I just installed the developer driver for CUDA 4.1 (285.05.33) on a fresh install of Ubuntu 11.04, which is listed as the officially supported version. I then rebooted and found my computer was mostly dead. More specifically, X can’t start, saying there’s an API mismatch between the NVIDIA kernel module and the NVIDIA driver.
What do I need to do to bring my computer back to life?
I have optimus on a laptop with Ubuntu 11.10. I installed bumblebee for the optimus and then I installed the toolkit and the example. You need gcc-4.4 and g+±4.4. Also ther are some symbolic links you need to take care.
I got inspired by this post The Official NVIDIA Forums | NVIDIA I wrote my experience at the end, but if you install bumblebee you do not need the nvidia driver. Also you have to have the nouveau drivers uninstalled and black-listed.
Unfortunately it is really tedious, I reinstall Ubuntu 6-8 times before I figured out how to do it. With bumblebee you get the to run the cuda programs like you would run the games with optimus and it has a nvidia driver compatible with cudatoolkit 4.1. I do no see other way because of the way the optimus works.
If you have grub, add to the line from which you boot, ’ text nomodeset ', it will bring you to text mode without X. Then uninstall the current nvidia driver (probably some different driver was installed upon Ubuntu installation) and install the current 4.1 again.

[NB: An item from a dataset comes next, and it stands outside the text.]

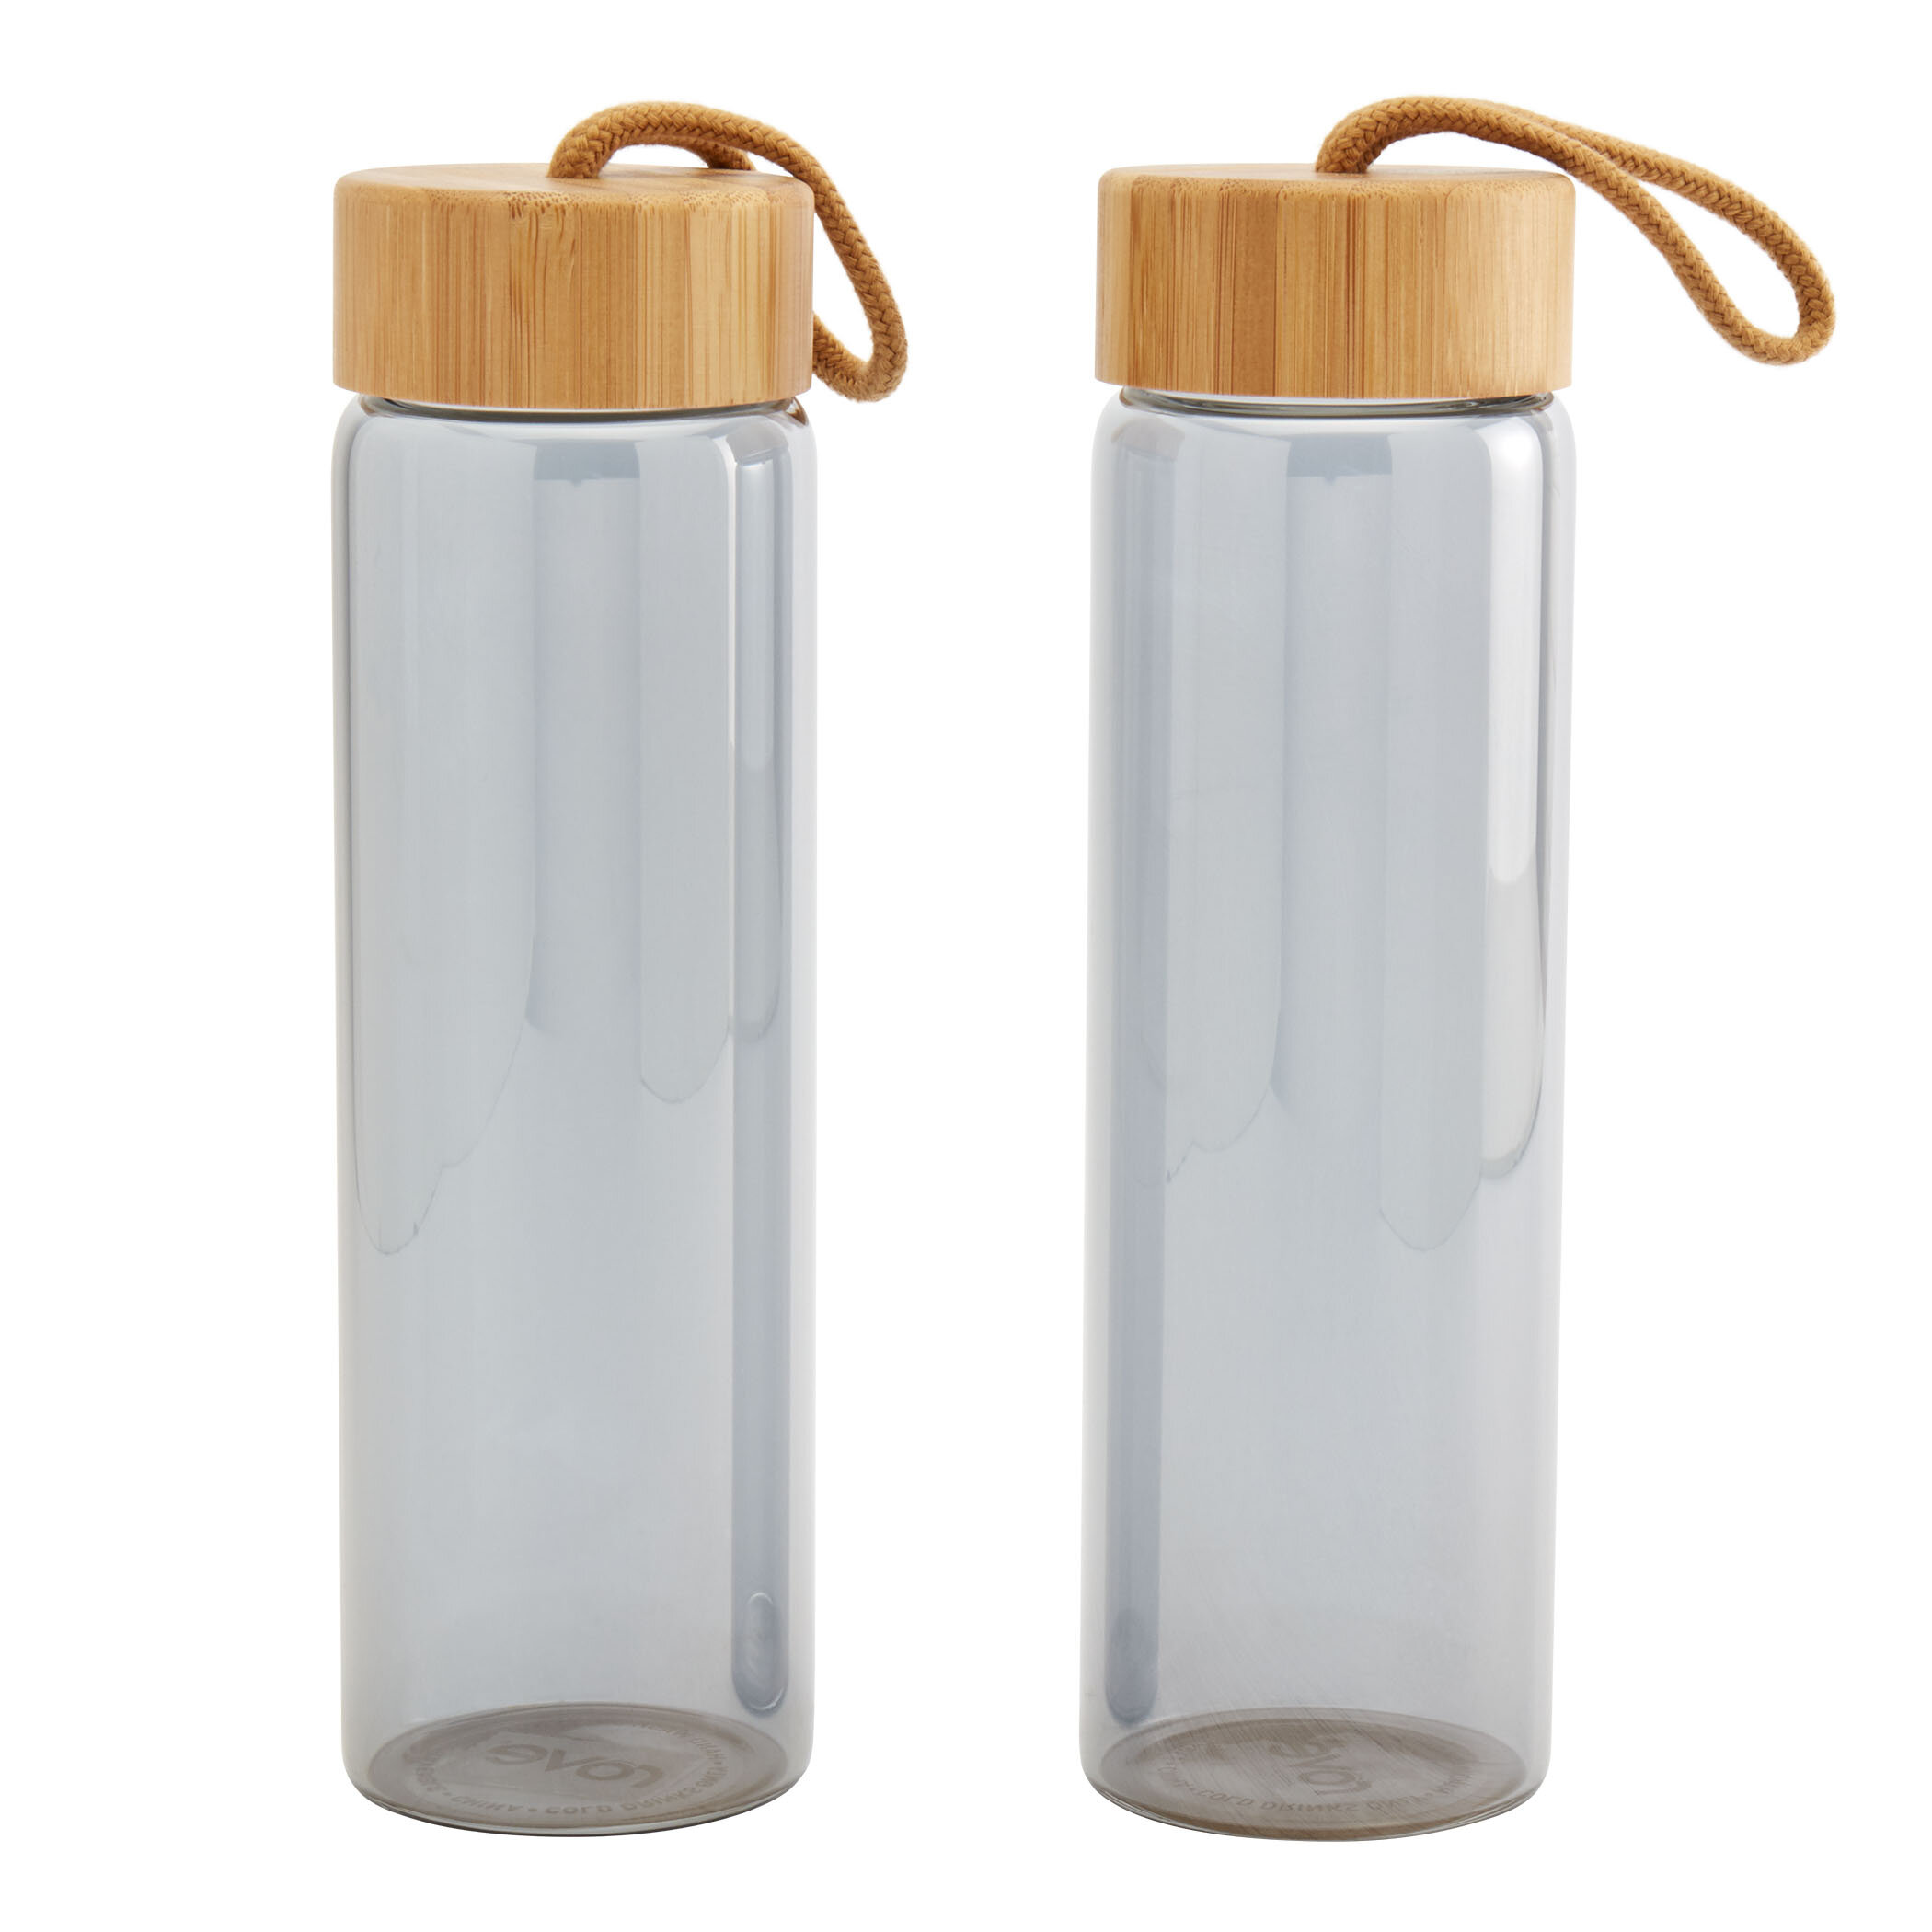 Rove 23oz Gunmetal Mirror Mirror Borosilicate Glass Water Bottle - Set of 2 - Grey

Hi, I’ve tryed to follow this instructions, all seems to work correctly … but when I try to compile an SDK code (e.g. deviceQuery) it turns out “/usr/bin/ld: cannot find -lcuda”
in a PC where CUDA works, in the folder /usr/lib, i have the files libcuda.so, libcuda.so.1 and libcuda.so.285.05.33, but in the PC with optimus i haven’t these files.
But I can’t run CUDA programs. (I can’t even compile them, because the OpenGL headers don’t seem to have been installed. My research indicates those are supposed to come with the video driver?)
As far as I can tell (and I could easily be wrong about this), the problem is that the video driver and the CUDA developer driver need to be compatible with each other. And they aren’t. The video driver installed by apt-get is 270.41.06. If I go to the NVIDIA website (Official Drivers | NVIDIA), it offers a newer driver: 295.20. But if I go to the CUDA 4.1 download page (http://developer.nvidia.com/cuda-toolkit-41), the developer drivers have still a different version number, which is incompatible with both of the above: 285.05.33. This is despite the fact that it claims to work with Ubuntu 11.04.
What set of drivers do I actually need to install to get CUDA working?
Then I ran the CUDA 4.1 driver installer (285.05.33). Part way through installing, it gave me a long string of error messages about “Cannot create file” and “Cannot restore file”. The files all seemed to relate to the earlier driver (270.41.06). I held down the enter key, and eventually the error messages stopped appearing. It then claimed to have successfully installed the driver.
I rebooted. It got as far as the point where X starts up, and then the screen filled with garbage. It appears to be completely frozen. For example, ctrl-alt-f2 does nothing.
Any suggestions? (I can still boot into recovery mode, so I can at least get to a command prompt.)
It’s a desktop (Dell XPS) with a GTX 580. I installed Ubuntu 11.04 from the live CD, telling it to reformat the partition. After installing, I ran software update to make sure everything was up to date, then installed the NVIDIA driver and CUDA toolkit from the CUDA 4.1 download page. I rebooted, and found that X was dead. It was at that point that I posted here. I had installed no other software on the system: it was a completely clean install.
One of my coworkers managed to get it working. The actual problem was a conflict between the NVIDIA driver and the Nouveau driver which apparently is preinstalled on Ubuntu. He managed to disable Nouveau - I’m not sure of the details of precisely how - and now it works.
This is pretty clearly a bug in the NVIDIA installer. It was run on a completely clean installation of the precise version of Ubuntu it’s advertised to work with, so there’s no legitimate reason for it to conflict with anything.